3.) How a Second Consensus Layer Delivers DID Portability

Before turning to the third way KERI can relate to the blockchain layer beneath it, it is important to mention one crucial technical detail about how KERL logs work — like modern “NoDB” file systems, the are replicated and synchronized by consensus across a variable-sized cloud of nodes. Unlike blockchains, however, the stakes are lower as there is no double-spend problem to be solved: the size of the node cluster can grow or shrink, propagation can be fast or slow, and immutable, unanimous shared state is not required. Every event-chain does not need to reach every node, and overlapped networks of nodes can mutually reinforce each other even if they do not replicate 100% of each other’s logs.

This architecture flexibility around scope and domain can be a little hard to wrap one’s head around, but in plain language, it can be seen as a bridging technology between the stricter consensus systems that govern blockchains. This allows the verifications and assurances of different trust domains to be linked to one another, and allows individual identities to travel between them with more security. As one important feature of KERI is ledger-portability it mitigates the risk of a ledger lock-in when anchoring decentralized identifiers to a given chain. As key event logs can be stored on paper, on edge devices or in cloud infrastructures, KERI provides an instrument for ambient verifiability of an identifier.

If a given identifier or cluster of related identifiers spans multiple blockchains or “trust domains,” this history is thus verifiable and “unified” across both, even if they use different cryptography and different forms of verification. Even if a blockchain or ledger “dies,” its orphaned identifiers can move to another one and verifiably stitch together these two trails of receipts. For this reason, there is some discussion in the KERI developer community about making a meta-DID method called DID:uni for bridging and providing equivalence between more fully-functional DID methods.

KERI enables a kind of equivalence between DID methods that could be very powerful. Sam and I like to call KERI a general unified DID Method (as an analogy to the General Unified Theory (GUT) in physics). The KERI DID method, DID:uni, could end up being the bridge between all the more complex DID methods, offering both shared security and portability.

4.) Identifier Portability beyond DIDs

One powerful application of this “unified” DID method is that it can even be used to “upgrade” some kinds of existing traditional identifiers to a decentralized identifier registered to a blockchain. Conversely, this bridging function can run in the other direction as well, generating a so-called “self-certifying” identifier linked to a full-featured DID.

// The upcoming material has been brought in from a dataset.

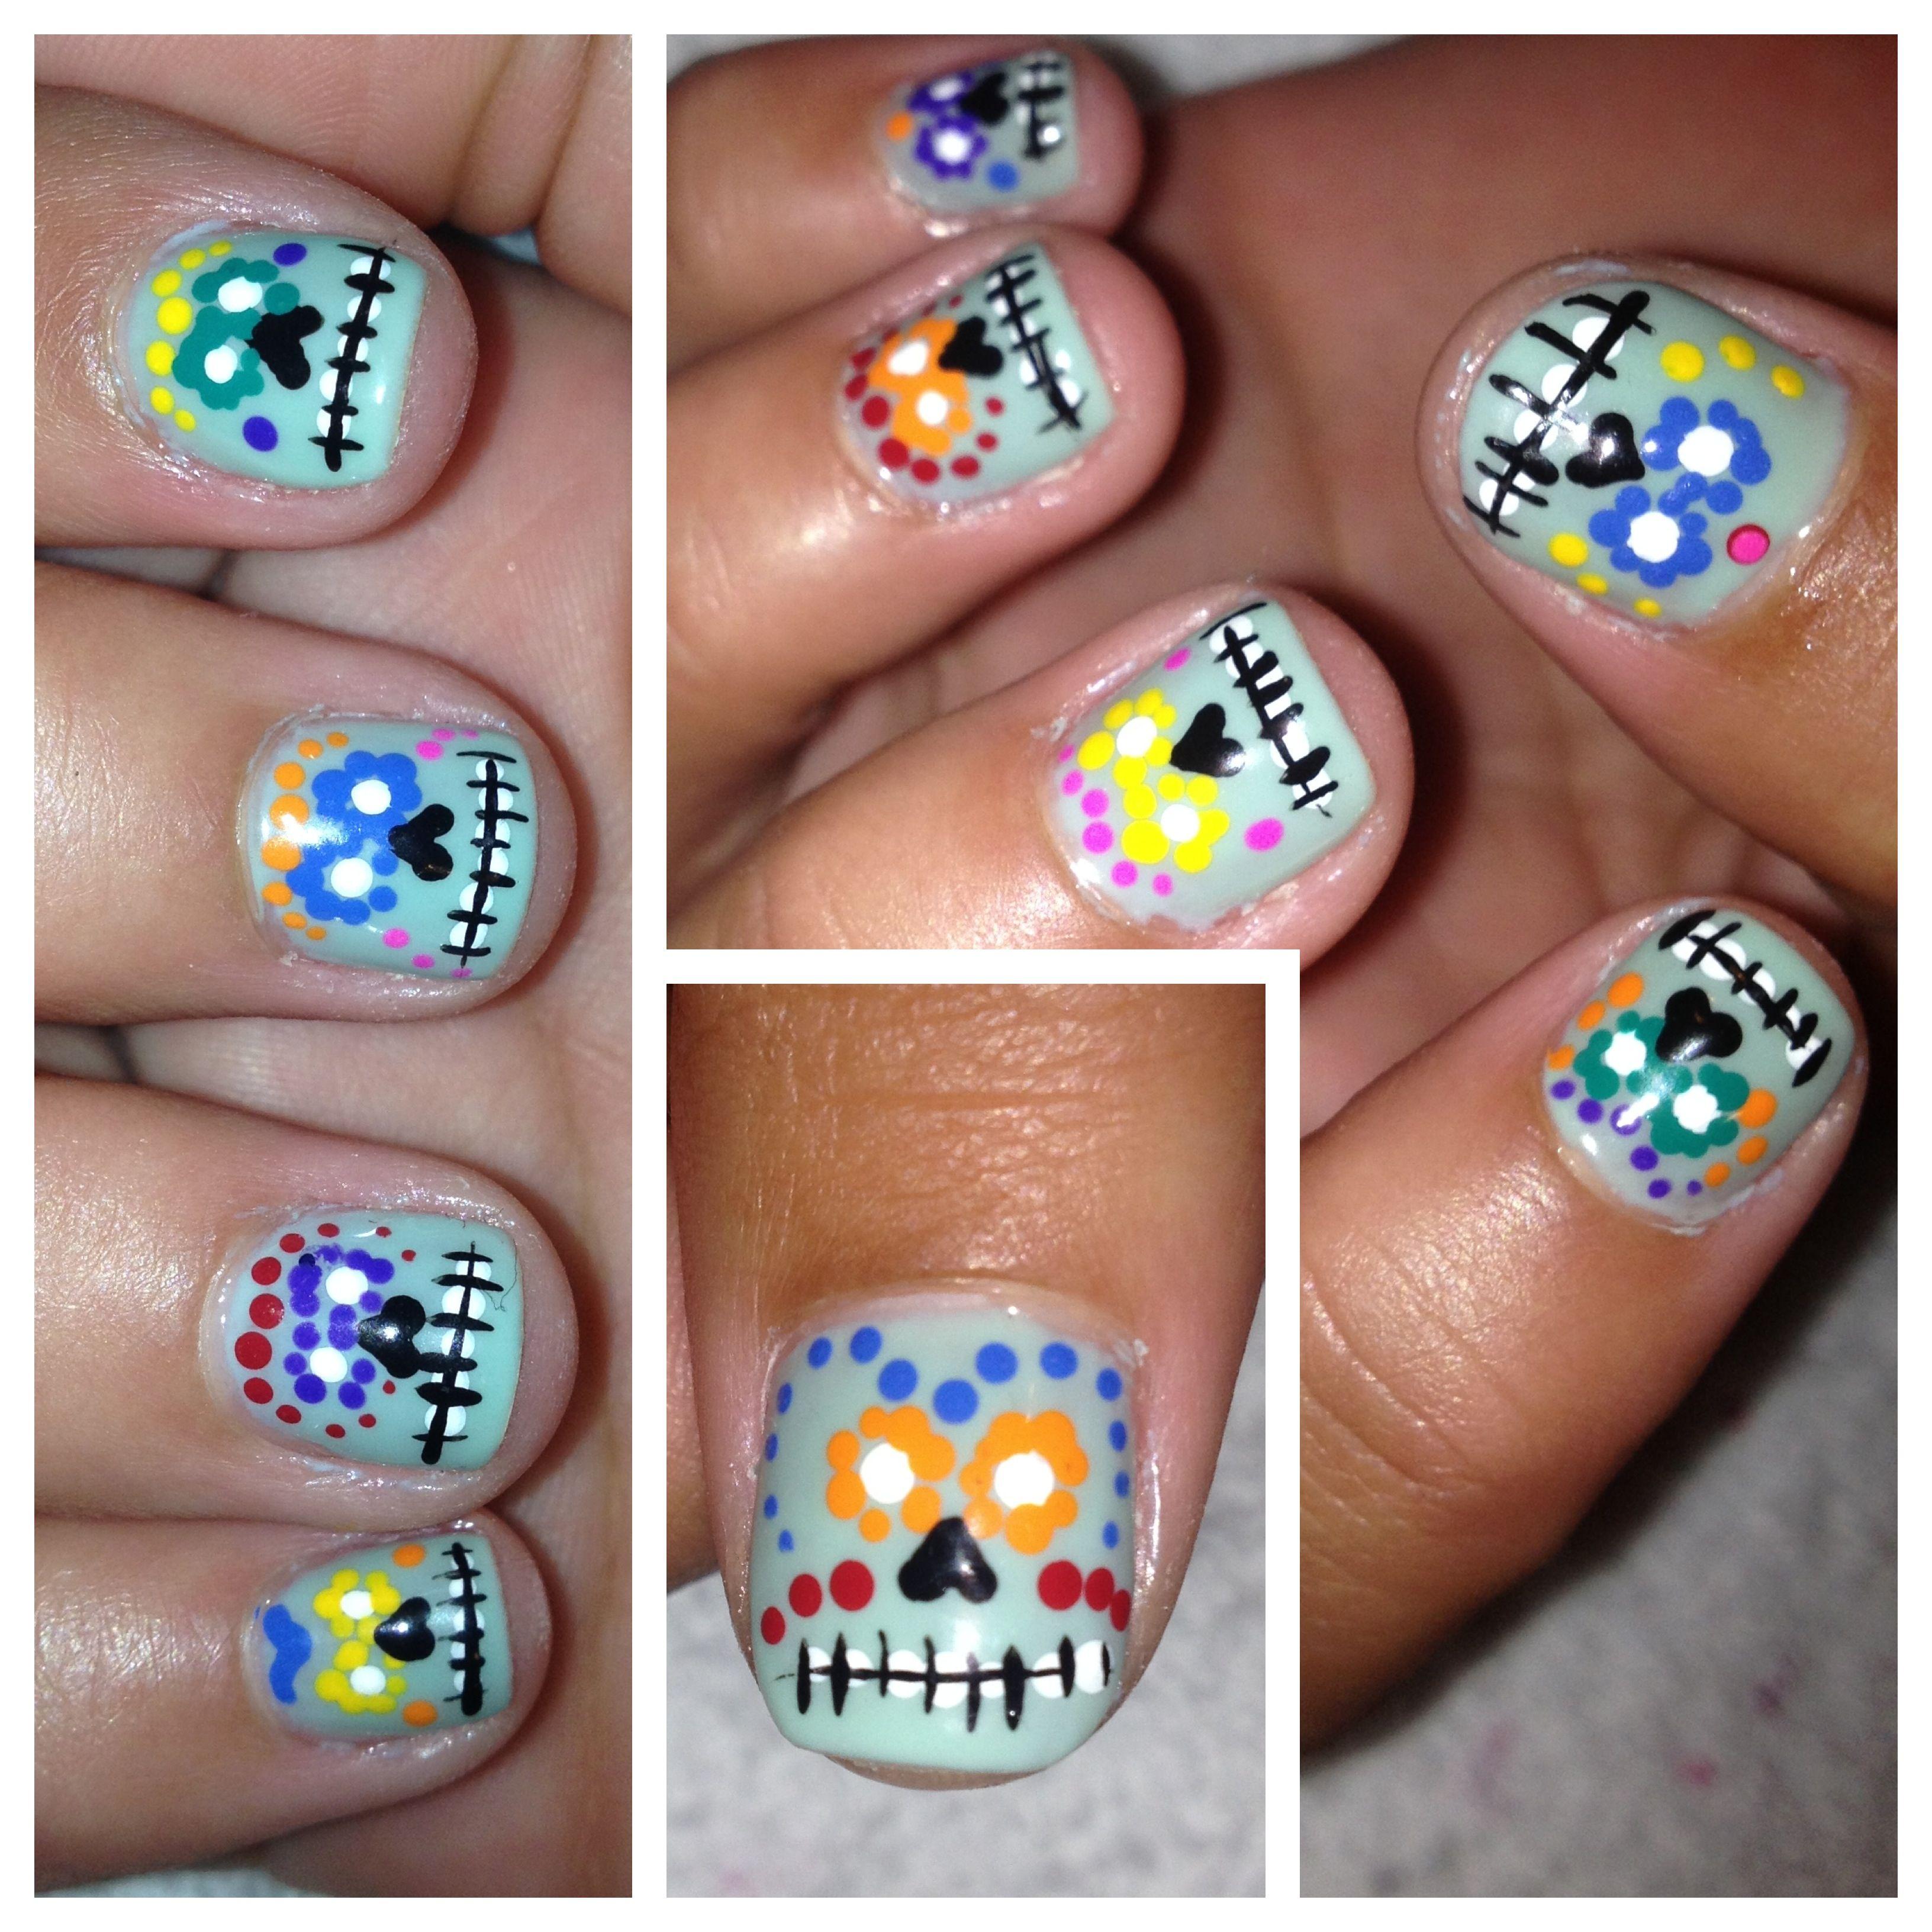 Day of the dead | #nails nails nails #nailart | Pinterest | Nail nail

These “self-certifying identifiers” are important in decentralized networking and zero-trust routing systems, and have some features of DIDs but are simpler and more useful for many non-human use cases, including IoT use cases. They could also prove essential to some forms of decentralized data exchange. These more experimental and still largely theoretical applications are admittedly quite far in the future given that KERI is still in an early phase of development, the urgency of bringing KERI to production is that it helps secure a future-proof and widely-interoperable position for DIDs in the decentralized future of IT.

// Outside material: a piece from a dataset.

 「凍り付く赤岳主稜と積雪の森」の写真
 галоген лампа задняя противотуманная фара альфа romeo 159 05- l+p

Self-certifying identifiers have, by definition, less attack vectors to secure. Diagram showing attack vectors by Sam Smith
Self-certifying identifiers have, by definition, less attack vectors to secure. (Sam Smith)

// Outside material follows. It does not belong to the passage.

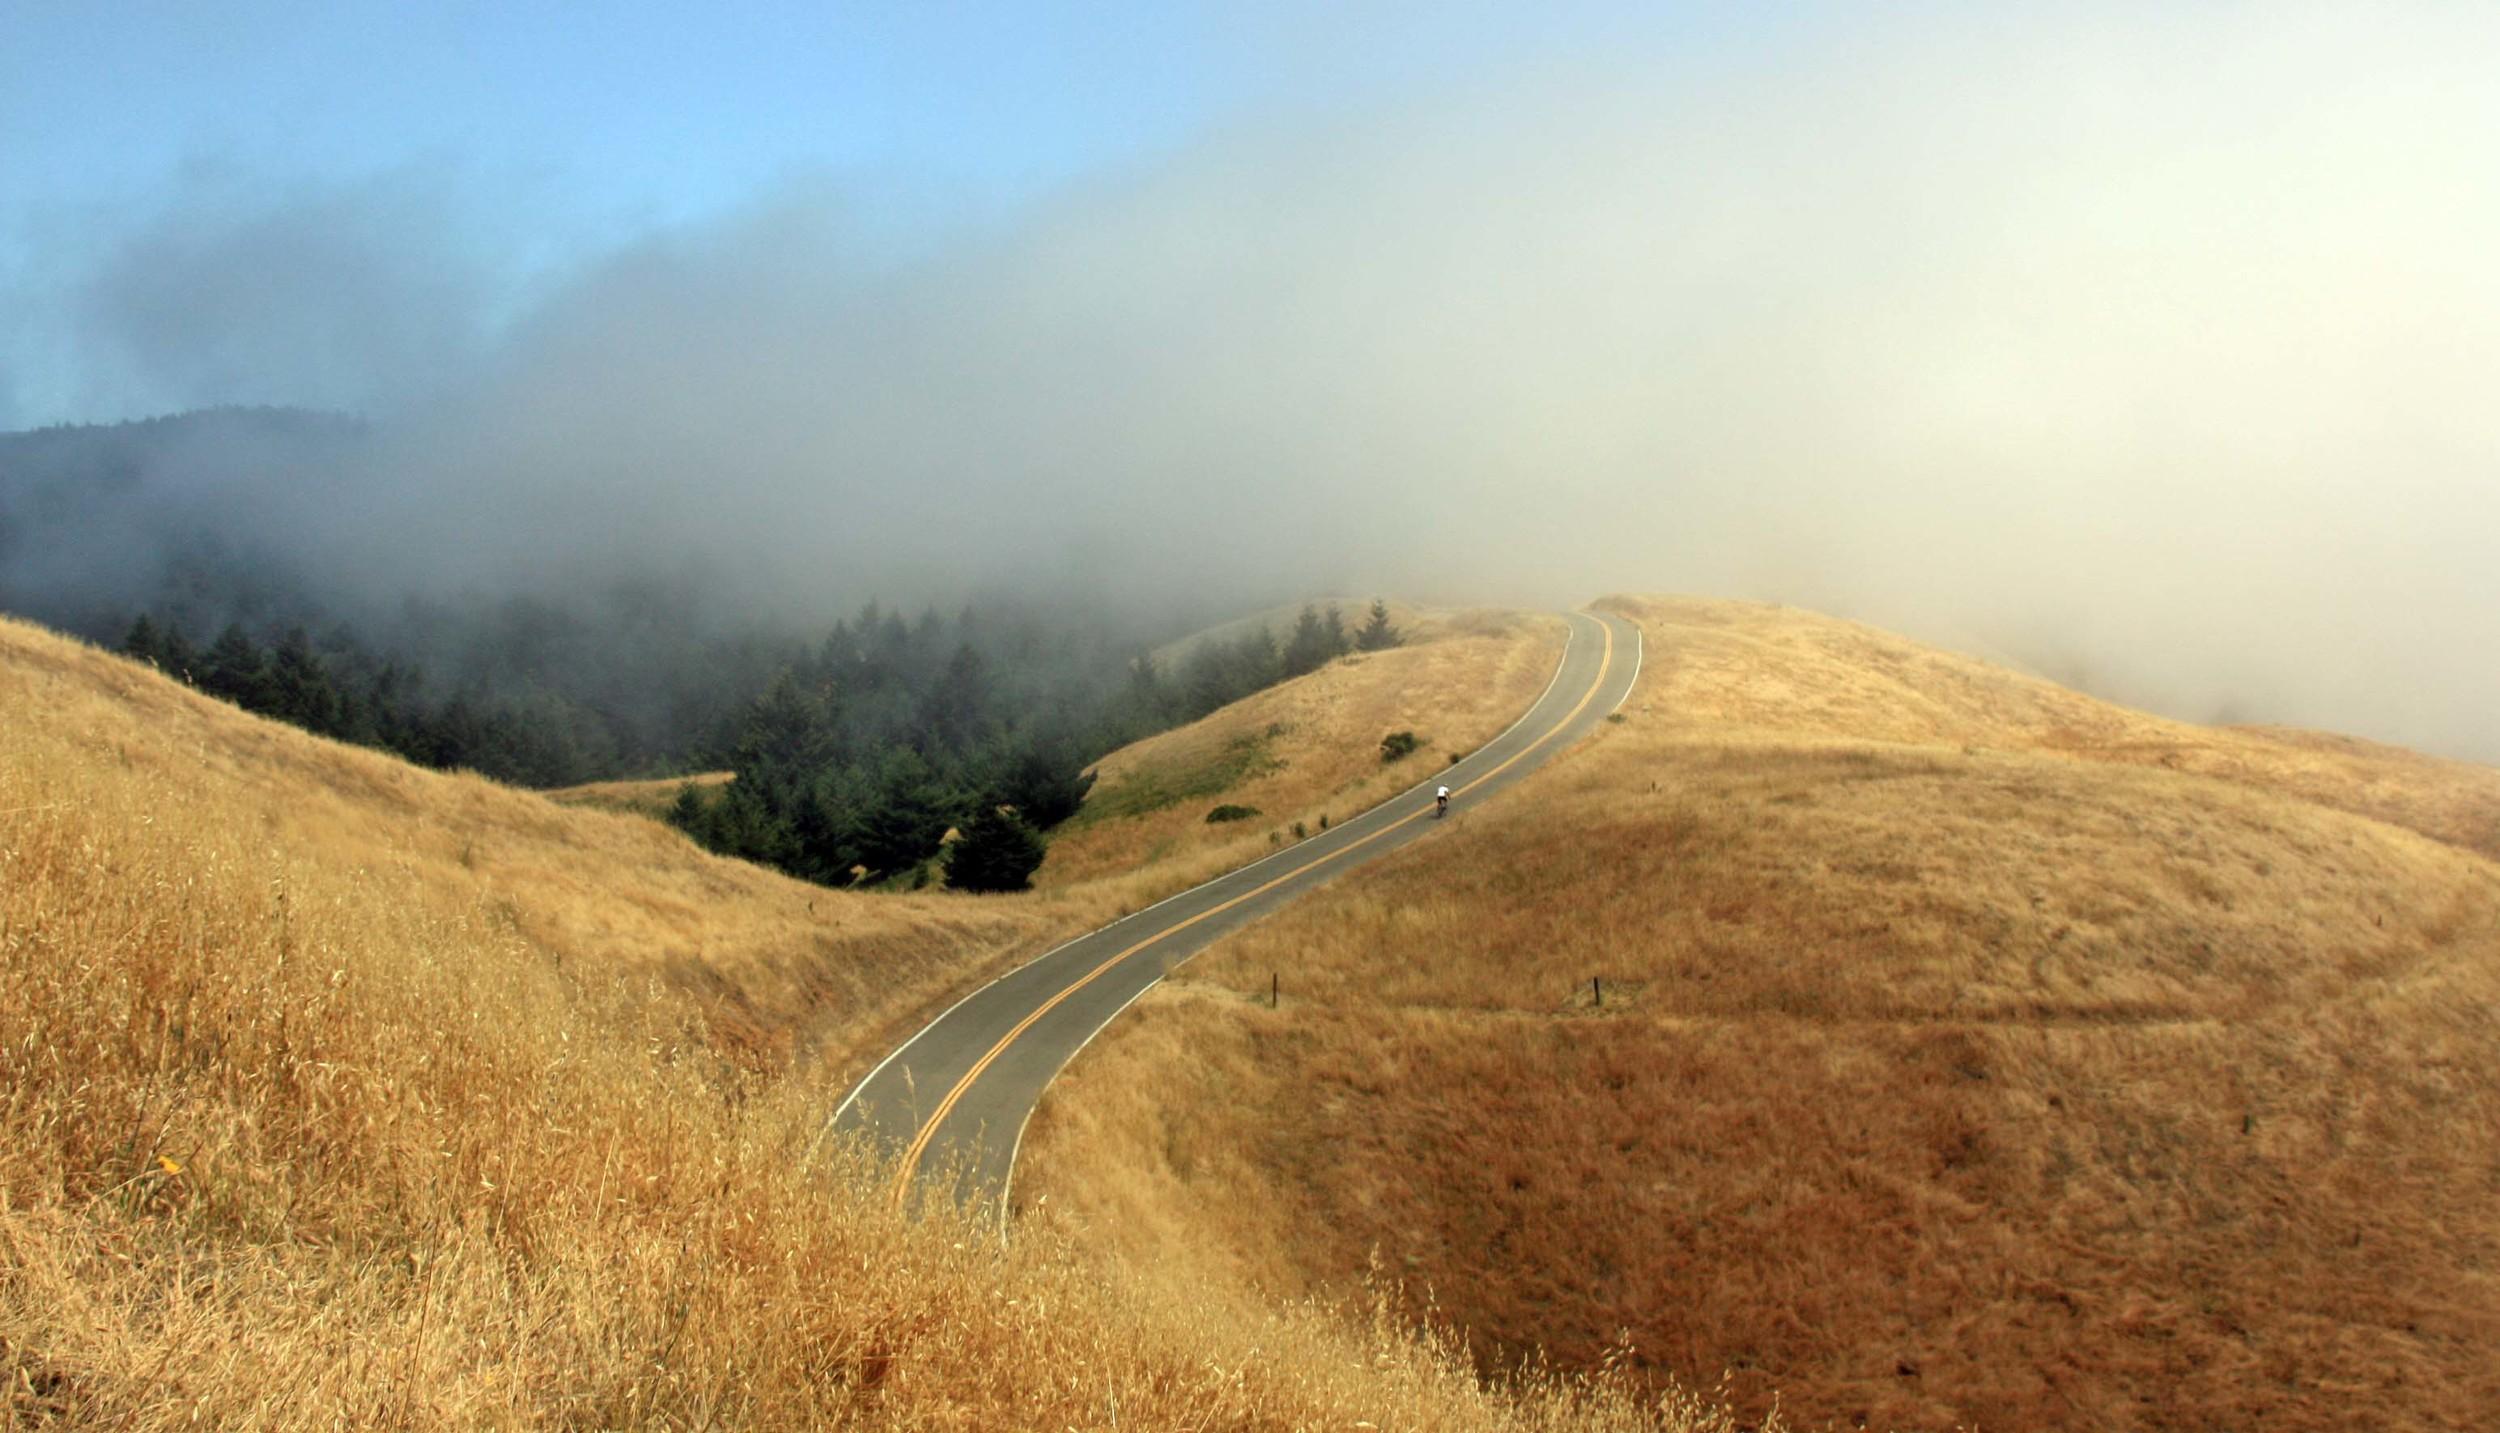 Image courtesy of Summitpost.org

Last and definitely not least from a European point of view, KERI can also be used in so-called “direct mode” to maintain a private one-to-one “ephemeral connections” that leave no immutable traces by design. Combined with the crucial distinction that KERL logs do not need to be immutable, KERI opens up new forms of GDPR liability management and privacy-engineering (including the right to be forgotten).

In some use cases, this ephemerality of completely off-chain pseudonyms linked mutably to other identities is paramount for privacy, particularly for human privacy. In other cases, cybersecurity is more important, since the elimination of the need for a third-party to register and vouchsafe these ephemeral connections greatly reduced attack vectors for private communications. In this regard, KERI can play a similar and perhaps complementary role to the Peer:DID work spearheaded by Evernym CTO Daniel Hardman, being developed in the open through the Decentralized Identity Foundation in the coming months. Aligning these various sub-DID primitives and ephemeral DID methods is a major priority for the remainder of 2020 in the DIF’s interoperability working group.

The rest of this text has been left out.